In summary, while some good practices exist and awareness is increasing, the 2025 Corporate Climate Responsibility Monitor concludes that major companies in these sectors must significantly improve transparency, ambition, and implementation to meet the scale of emissions reduction required for the Paris Agreement. The report calls for more stringent regulation to make credible corporate climate action a business necessity.
- The Corporate Climate Responsibility Monitor (CCRM) 2025 revealed that major tech companies, such as Amazon, Apple, Google, Meta, and Microsoft, are criticized for insufficient climate strategies that do not align with 1.5°C pathways.

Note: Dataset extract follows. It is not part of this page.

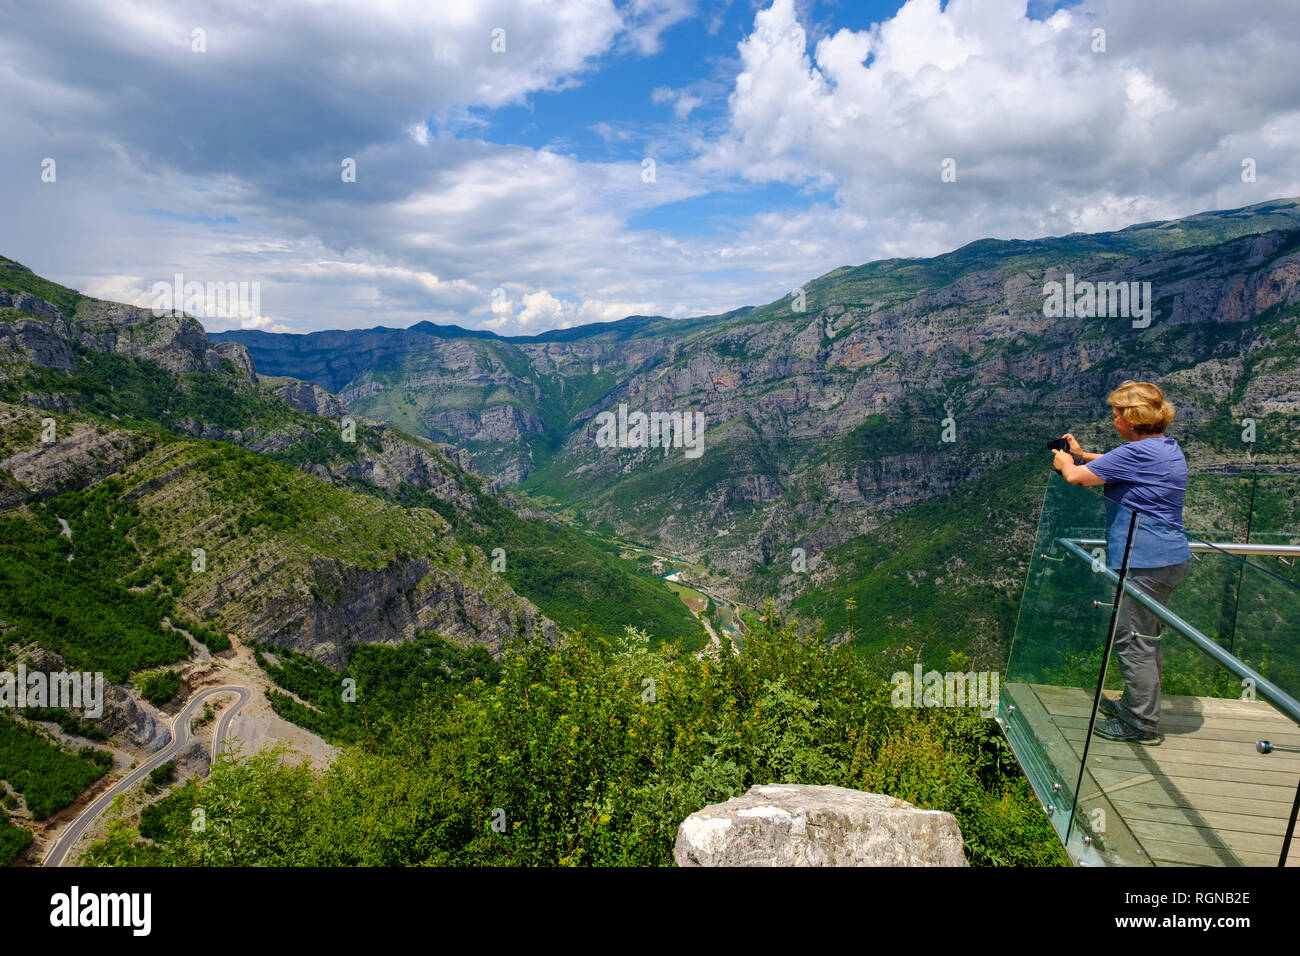 Albania, Shkoder County, albanés Alpes, Cem Canyon, punto de observación, caminante fotografiando Foto de stock

- In the fashion sector, brands like adidas, H&M, Inditex, lululemon, and Shein are under scrutiny for undermining climate pledges through poor emissions accounting and vague commitments.
- The report also highlights the need for transparency, ambition, and implementation improvements in the agrifood sector, including Danone, JBS, Mars, Nestlé, and PepsiCo, to meet the scale of emissions reduction required for the Paris Agreement.
- Benja Faecks, an expert on global carbon markets, recommends a strong regulatory framework to ensure that private sector companies take real climate action without engaging in greenwashing, and obliges agrifood companies to set separate targets for carbon removal and reduction.
- The investigation found that the decarbonization pledges of 20 large firms in the technology, fashion, automotive, and agrifood sectors are falling short of 2030 global climate goals, and no companies evaluated achieved top marks, emphasizing the need for more stringent regulation to make credible corporate climate action a business necessity.